The opinion of the court was delivered by: Thomas J. McAVOY Senior United States District Judge


Plaintiff commenced the instant action in state court against Defendants asserting personal injury claims arising out of his exposure to asbestos. Defendant General Electric ("G.E") removed the action to this Court. Presently before the Court is Plaintiff's motion to remand the matter to state court.


Plaintiff commenced the instant action in state court in March 2008. GE received the summons and complaint in late March 2008. The complaint did not provide G.E. with sufficient detail to inform it that the case might have been removable to federal court. On April 18, 2008, a paralegal in the office of Plaintiff's counsel sent an e-mail to G.E.'s counsel including "a copy of Interrogatories and all available Medical Records." Attached to the e-mail were six documents. Five of the documents were medical records in the portable document format known as "pdf". Such files have the file extension ".pdf". The sixth document was the interrogatory response and was in a file format used by the WordPerfect word processing program, and had the file extension of "wpd". Plaintiff's response to Interrogatory 13(e) provided as follows:

(e) Plaintiff worked with and around the following asbestos-containing equipment and materials: From 1965 until 1994, Plaintiff worked for General Dynamics Electric Boat Division. Plaintiff worked at several different General Dynamics Electric Boat Division facilities, including but not limited to, the Groton and West Milton sites. During his tenure at General Dynamics, Plaintiff held various positions including but not limited to, a Electrical Test Tech Supervisor, Test Engineer and Test Supervisor. At this time, Plaintiff believes he handled or worked with various types of asbestos-containing materials, particularly those found in submarines. Plaintiff worked on many submarines including but not limited to, Francis Scott Key, Nautilus, NR1, Ben Franklin, Bergall, Seahorse, Flying Fish, Bluefish, Archerfish, Trepark, Glenard P. Limscomb, Minneapolis-St. Paul, Ohio, Silversides and Windsor. Additionall, but not limited to, Hull numbers, 640, 671, 685, 708, 705, 706, 707, 726. In addition, other employees of General Dynamics, and/or outside contractors or subcontractors, in the vicinity of Plaintiff, handled or worked with carious (sic) types of asbestos-containing materials. At this time, Plaintiff believes that he and/or other employees of General Dynamics, outside contractors or subcontractors handled and or worked with asbestos contained in and/or covering boilers, pumps, valves, pipes, lagging, reciprocators, compressors, condensers, turbines, engines, fans, heaters, motors, generators, switches, gaskets, packing, wire and cable and other like equipment and products/materials.
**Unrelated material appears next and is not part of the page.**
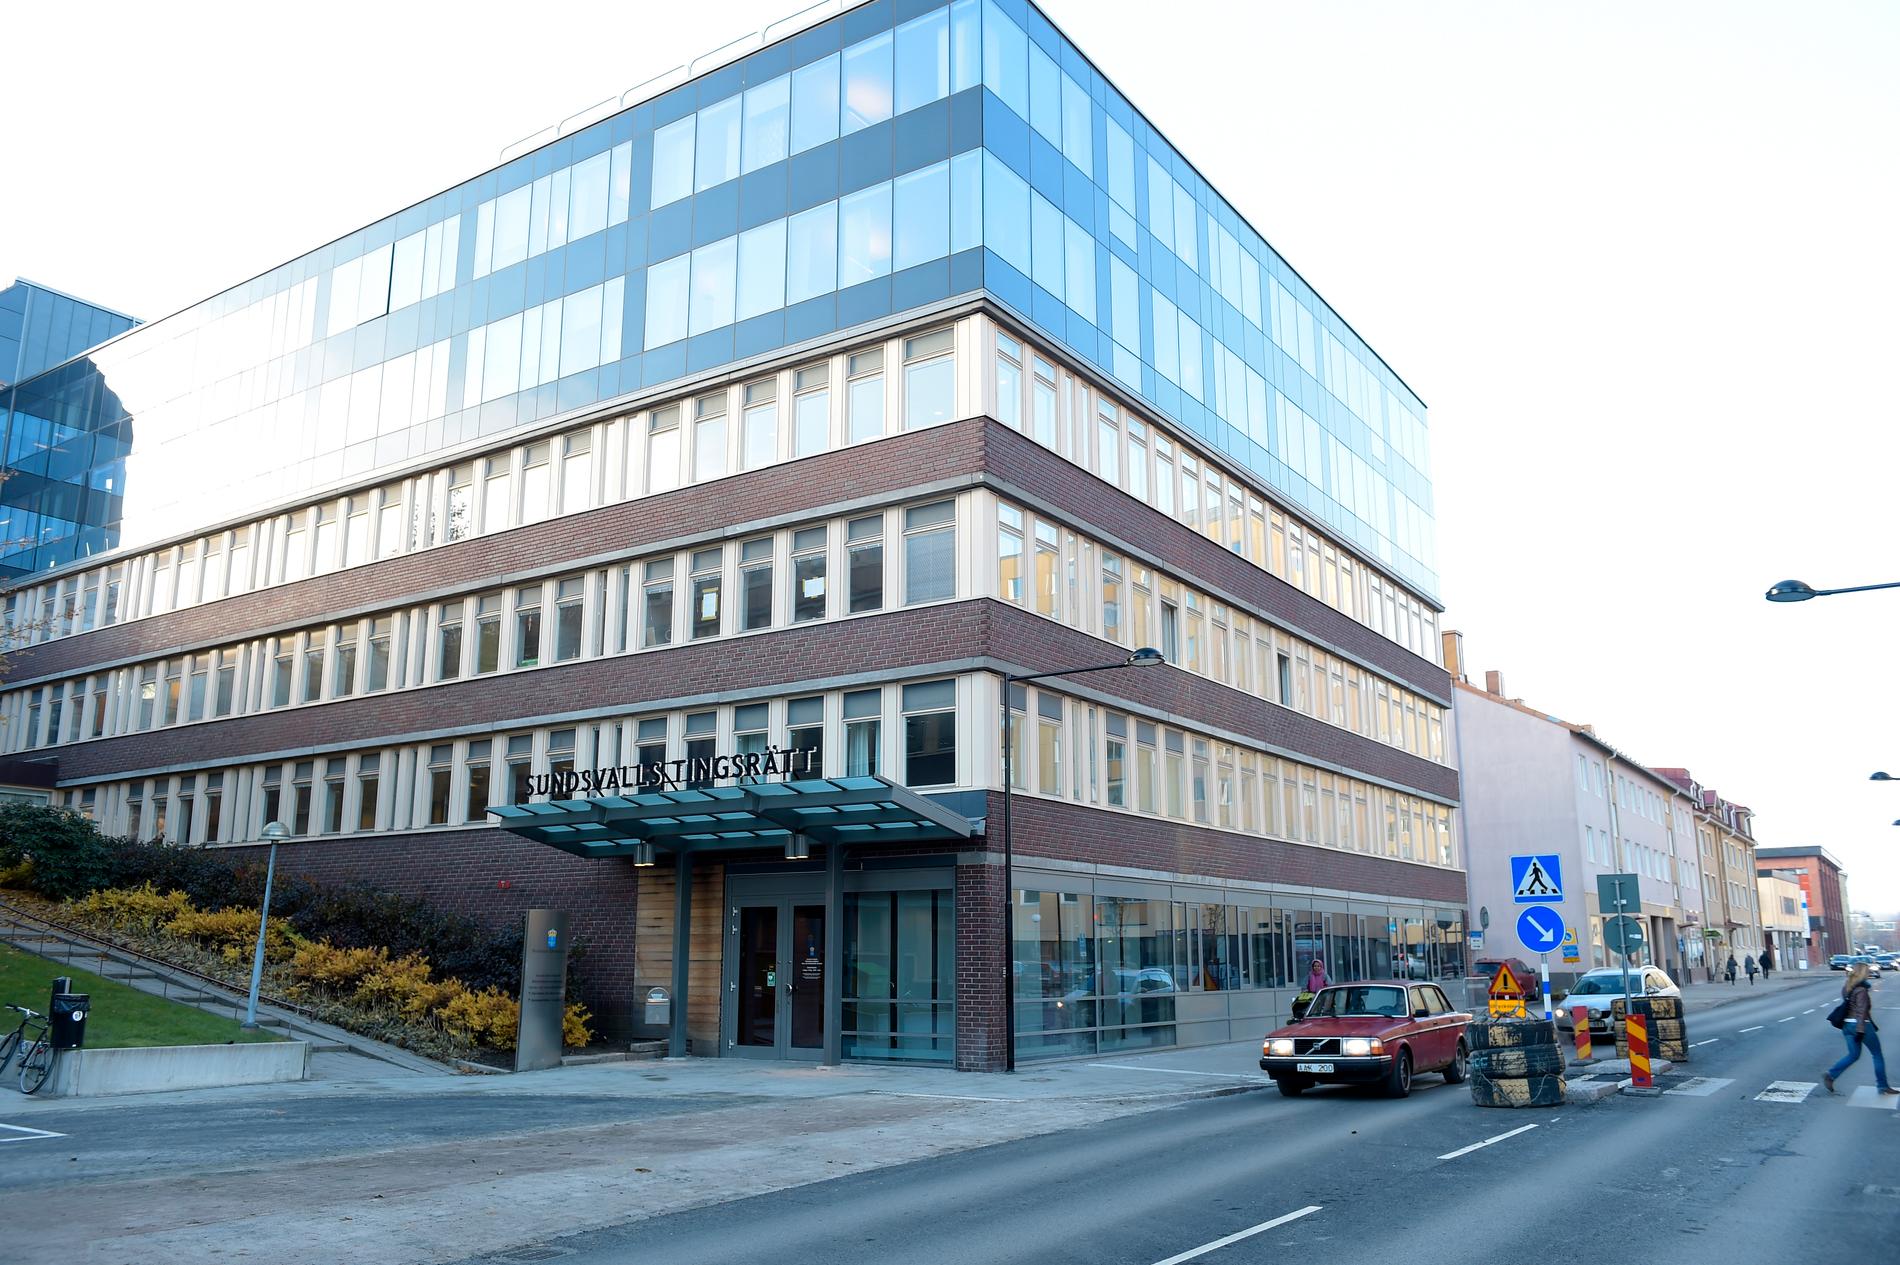 En ung man åtalas i Sundsvall för en rad brott, bland annat olaga hot och våldtäkt. Arkivbild.

Plaintiff cannot presently identify all of the manufacturers of said products but states that he would have handled and/or worked with, or others in his vicinity would have handled and/or worked with all said materials manufactured and used at his job site during the periods he was employed. Plaintiff will further supplement this response with his testimony given in this matter and may further rely upon the testimony of co-workers.

On April 28, 2008, counsel for G.E. received an e-mail from Plaintiff including the identical response to interrogatories in the pdf format. On May 1, 2008, Plaintiff testified at deposition that he was exposed to asbestos on G.E. turbines aboard certain Navy ships identified in his response to interrogatories.

On May 22, 2008, G.E. removed the state action to this Court invoking 28 U.S.C. § 1442(a)(1). Presently before the Court is Plaintiff's timely motion to remand to state court.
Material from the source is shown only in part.